Die Bioangel für Elektroschrott-Recycling
Inspiriert ist die Rohstoff-Angel von Viren, die auf Bakterien spezialisiert sind. Die Hülle dieser winzigen „Bakteriophagen“ besteht aus rund 4.000 Proteinen, an die mit molekularbiologischen Methoden kurze Protein-Bruchstücke geheftet werden. Von diesen Peptiden gibt es viele unterschiedliche Formen. „Die Peptide können kleine Taschen formen, in die bestimmte Mini-Strukturen passen“, erklärt die Biologin. Werden die Bakteriophagen nun mit einer Terbium-Verbindung zusammengebracht, die an einer festen Oberfläche hängt, bleiben beim Abwaschen nur die Bakteriophagen hängen, in deren Peptid-Tasche die Terbium-Verbindung passt. Dann wird der Abschnitt im Erbgut dieser Bakteriophagen untersucht, der die Bauanleitung für das Peptid enthält. In einem nächsten Schritt können dann die passenden Peptide für die Terbium-Verbindung nach dieser Bauanleitung angefertigt werden.

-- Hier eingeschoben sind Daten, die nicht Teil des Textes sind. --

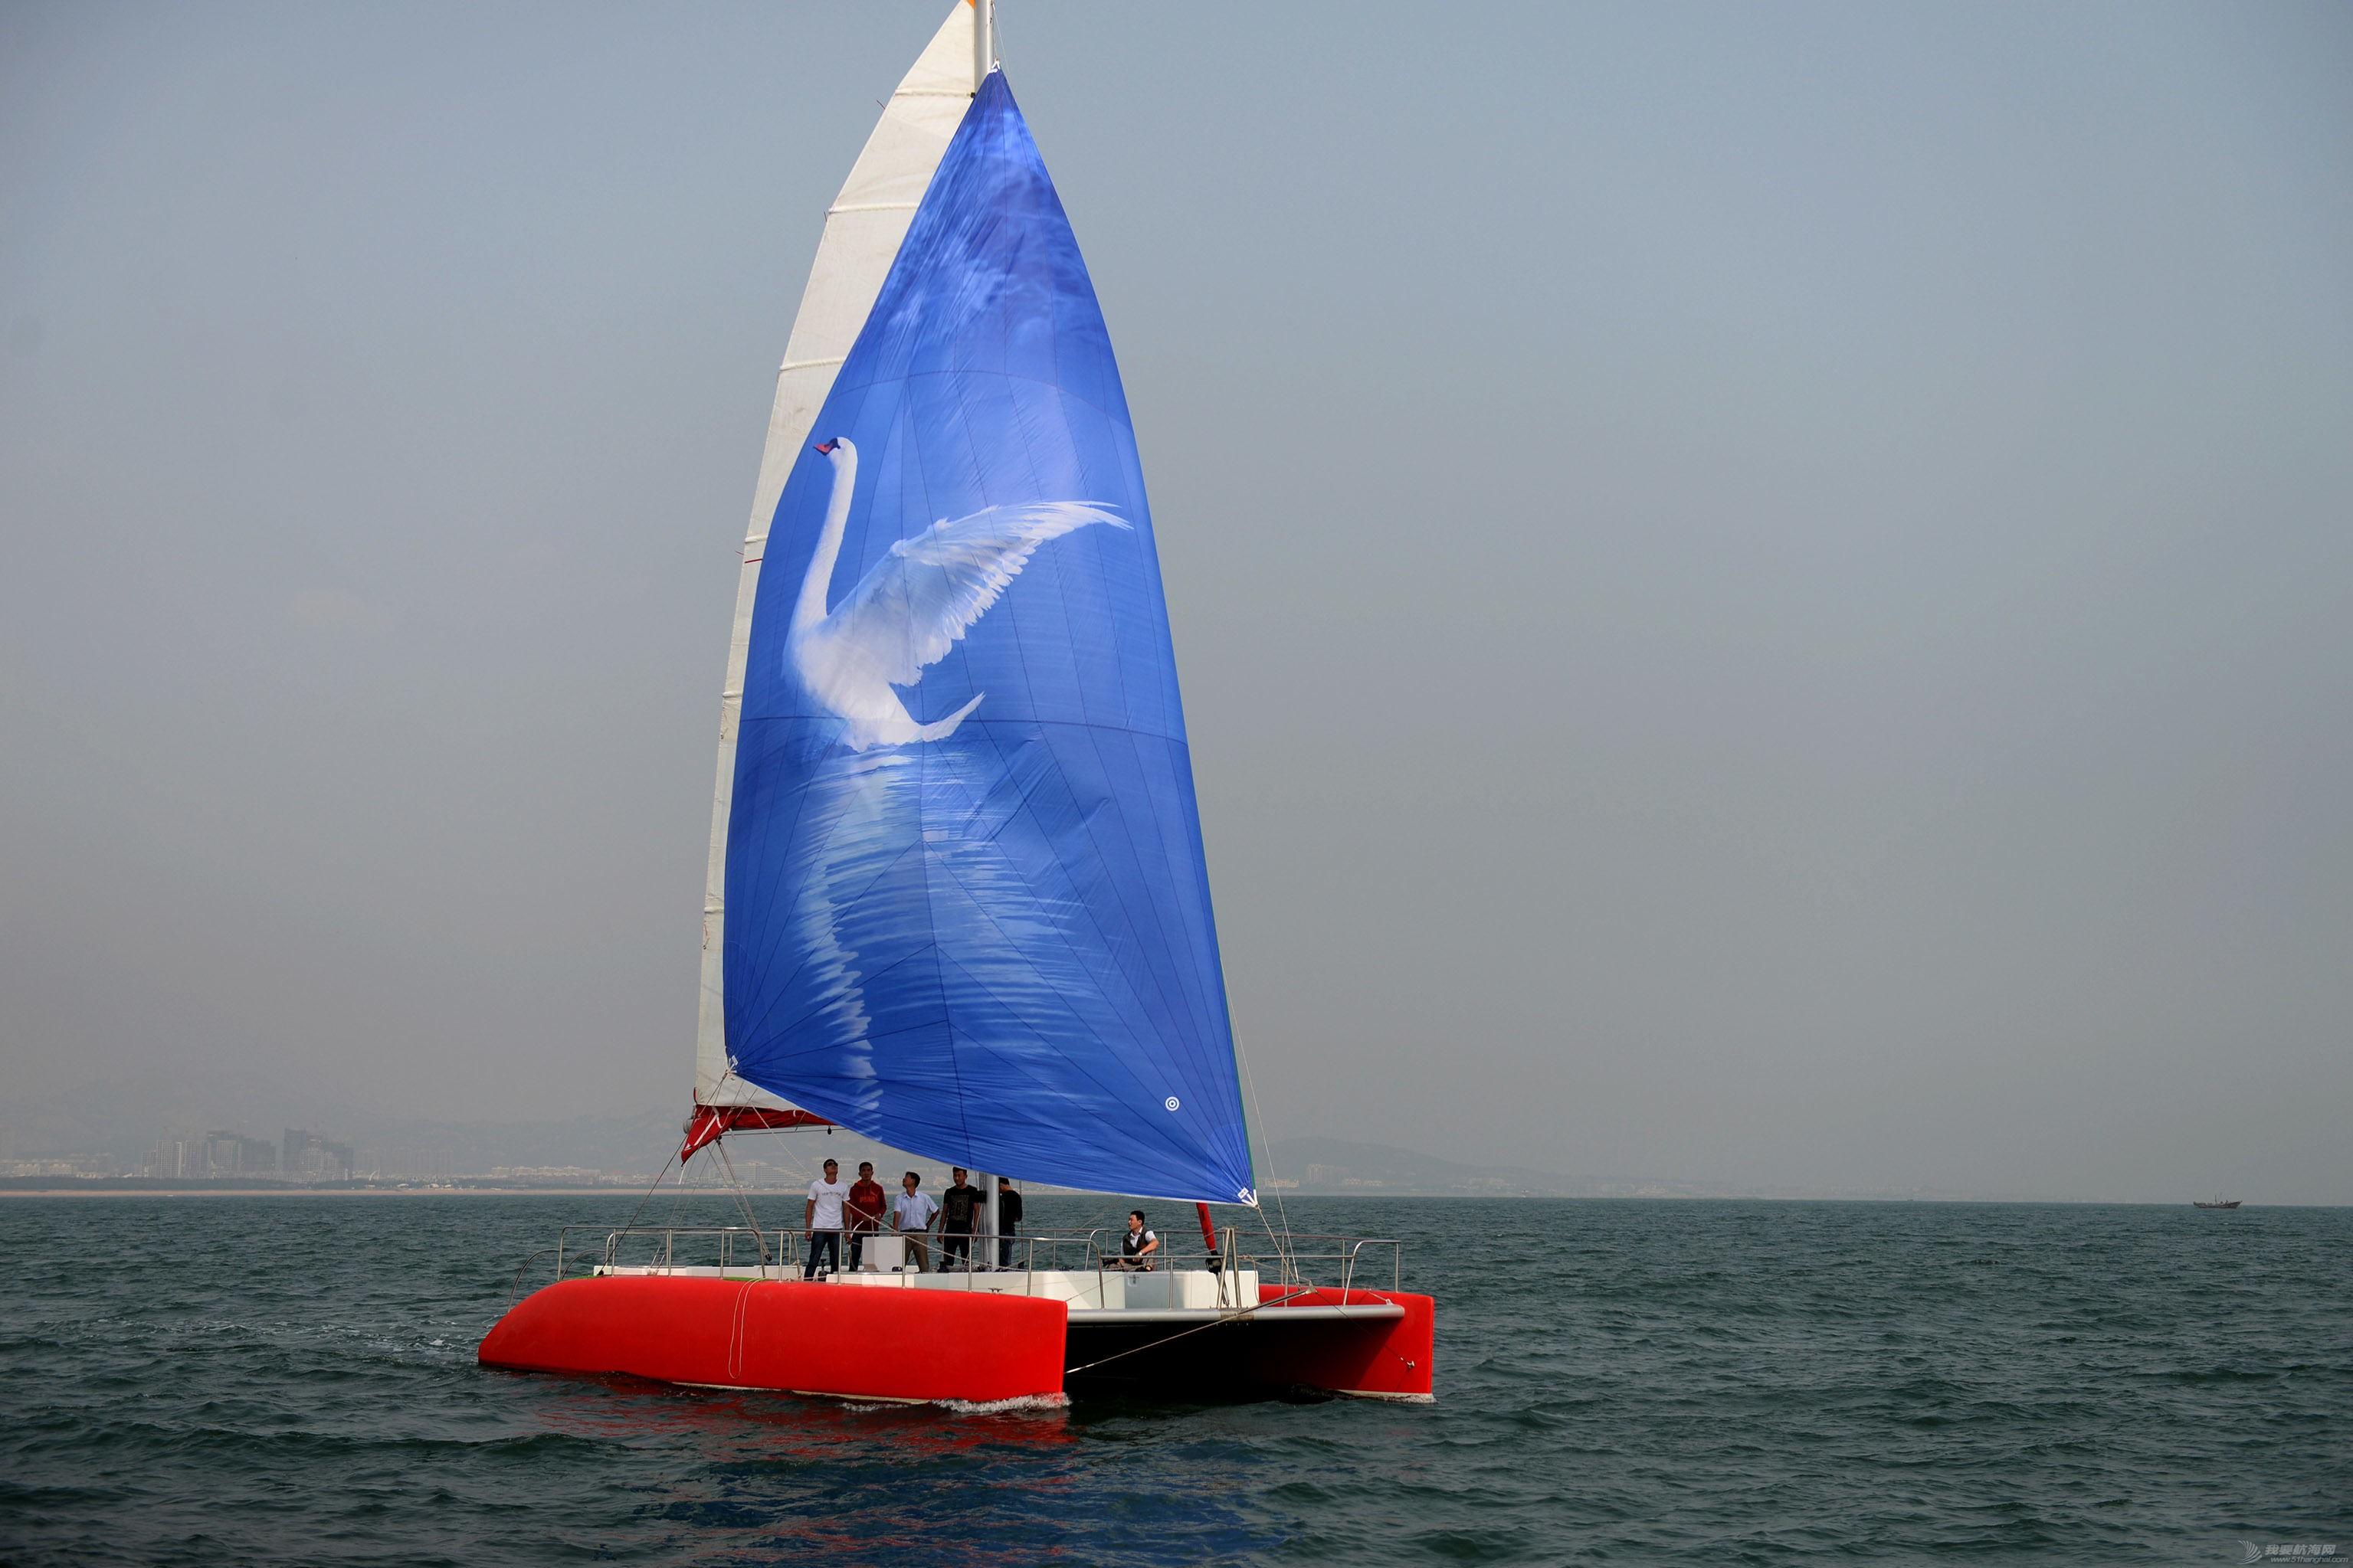 nbsp,帆船,平方米,想用,服务 40英尺双体帆船  212519ntdnlltt9z98t9i6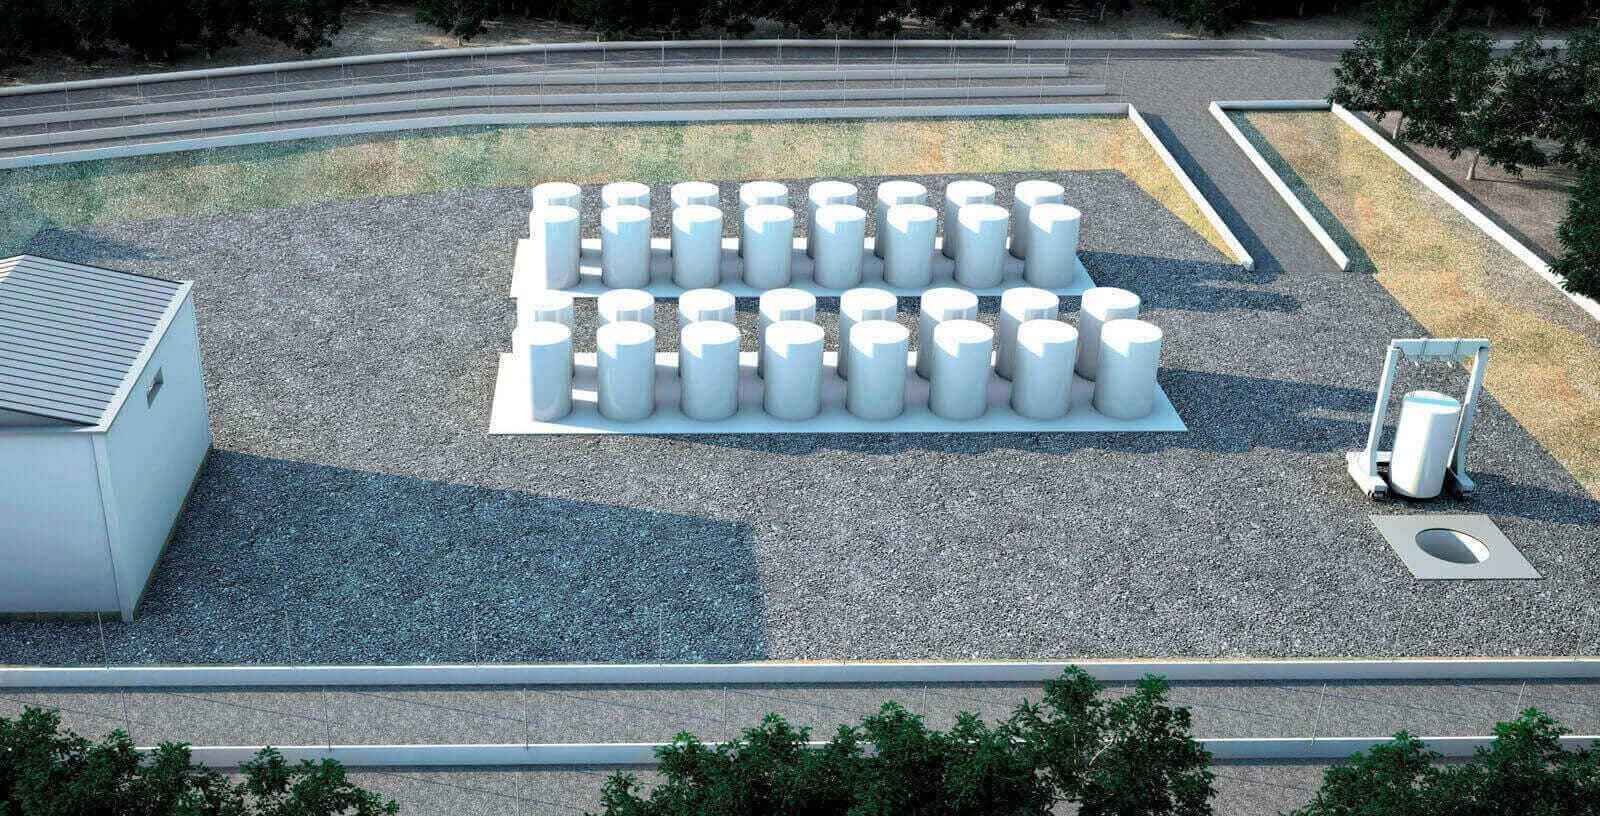 Idom_Nuclear_Services_NUCLENOR_Individual_Spent_Fuel_Storage_Installation_ISFSI_Santa_Mar_a_de_Garo_a_nuclear_power_plant_I_igo_Gutierrez

Mischt man diese Teilchen nun mit dem Leuchtpulver von Energiesparlampen in einer Brühe, dann angeln sie sich dort die enthaltenen Terbium-Verbindungen. Die Partikel werden dann zusammen mit den Seltenen Erden wieder herausgefischt. „Mit dieser Methode können wir spezifische Peptide für unterschiedliche Seltene Erden, aber auch für wichtige Metalle wie Kupfer, Gold oder verschiedene Platin-Metalle gewinnen und mit ihnen die jeweiligen Substanzen aus sehr verdünnten und komplexen Gemischen extrahieren“, erklärt Franziska Lederer. Die Peptid-Teilchen können wieder eingesetzt werden, nachdem die Rohstoff-Partikel entfernt wurden.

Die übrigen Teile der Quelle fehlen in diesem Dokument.